Introduction
In the late 1600s, Sir Isaac Newton came up with the law of gravity which is also known as the universal law of gravitation. Sir Isaac Newton’s inspiration for deducing the revolutionary law of gravity was an apple falling from a tree. We are all pretty familiar with the story of Newton and how he discovered gravity. The falling of an apple made him discover Newton's gravity and the law of gravitation. Newton’s law of gravity plays an important role in mechanics.
Newton had a simple question out of curiosity is why an apple was falling instead of either sideways or upward!!! Later Newton realized that the earth must be responsible for the apple to fall downwards perpendicular to the ground. This was the major turning point and then he developed the law of gravity.
Gravity is the force of attraction happening between any two bodies. Basically, all the objects in the universe attract each other with a certain amount of force, but in most cases, the force is either too weak or too small to be observed due to the very large distance of separation.

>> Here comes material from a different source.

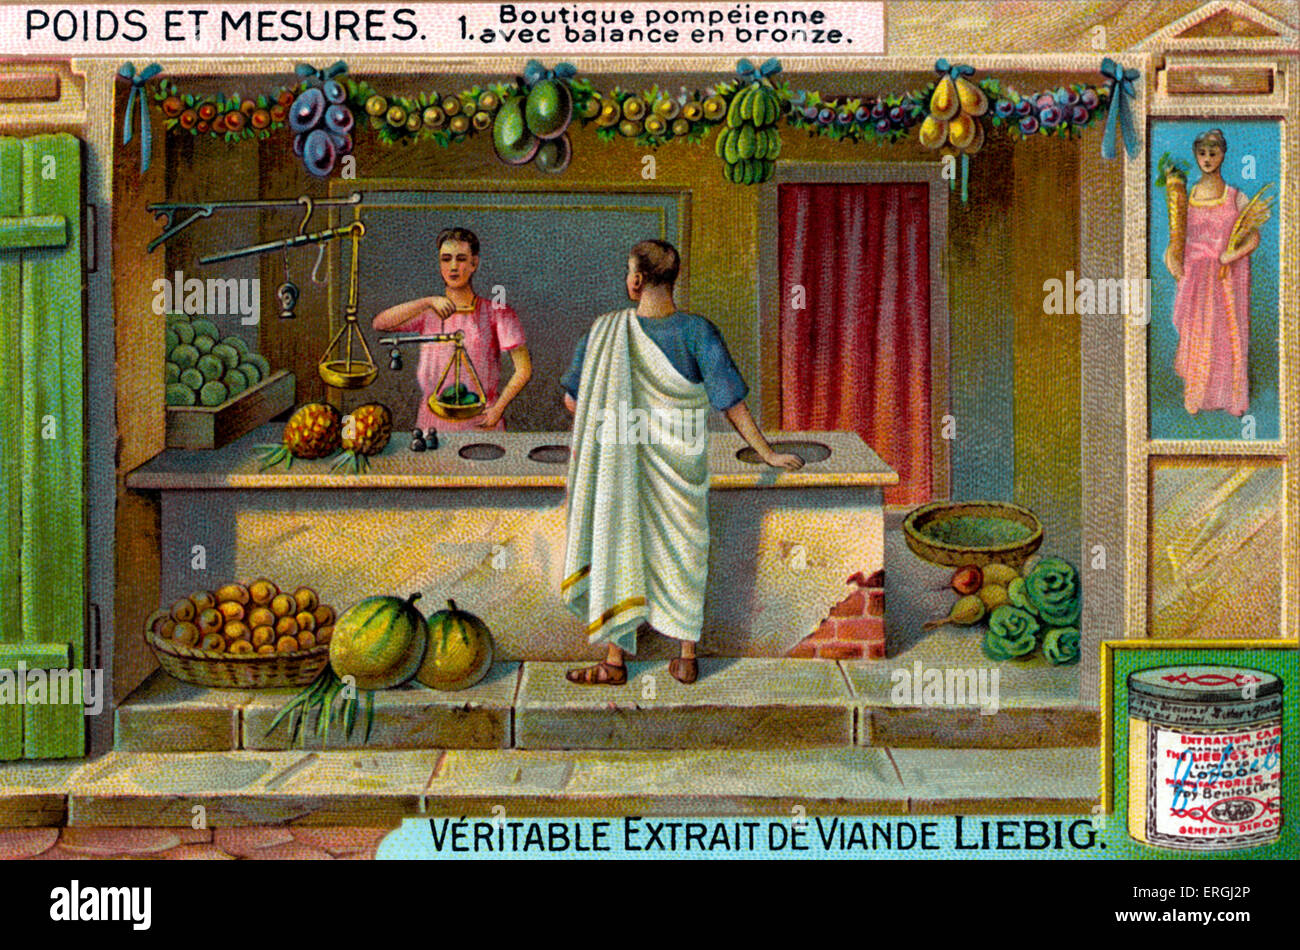 Shop à Pompéi avec l'échelle d'équilibre de bronze. Ville romaine près de Naples, Italie. Illustration de Liebig série de cartes à collectionner : Banque D'Images
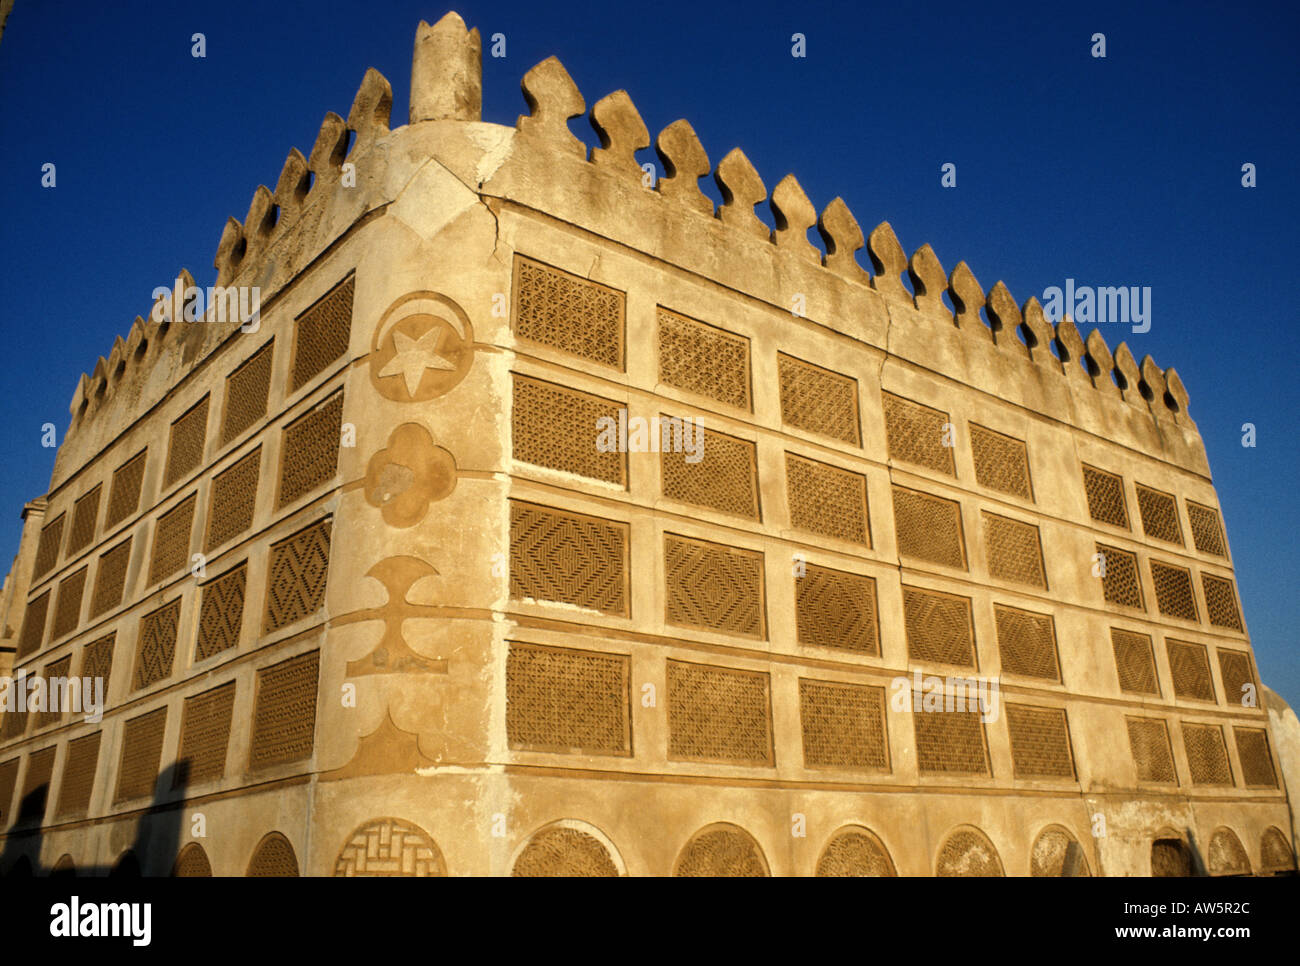 L'ancienne maison de marchands de perles à Bahreïn affiche le travail magistral de plâtre de naqsh, 1975 Banque D'Images

So Newton’s law of gravitation was introduced, and it states that any particle of matter in the universe attracts any other particle with a force varying directly as the product of the masses and inversely as the square of the distance between them. Newton’s law of gravitation is the magnitude of the attractive force F is equal to G multiplied by the product of the masses (\[m_{1}~and~m_{2}\]) and divided by the square of the distance R :
\[F = \frac{G(m_{1} m_{2})}{R^{2}}\].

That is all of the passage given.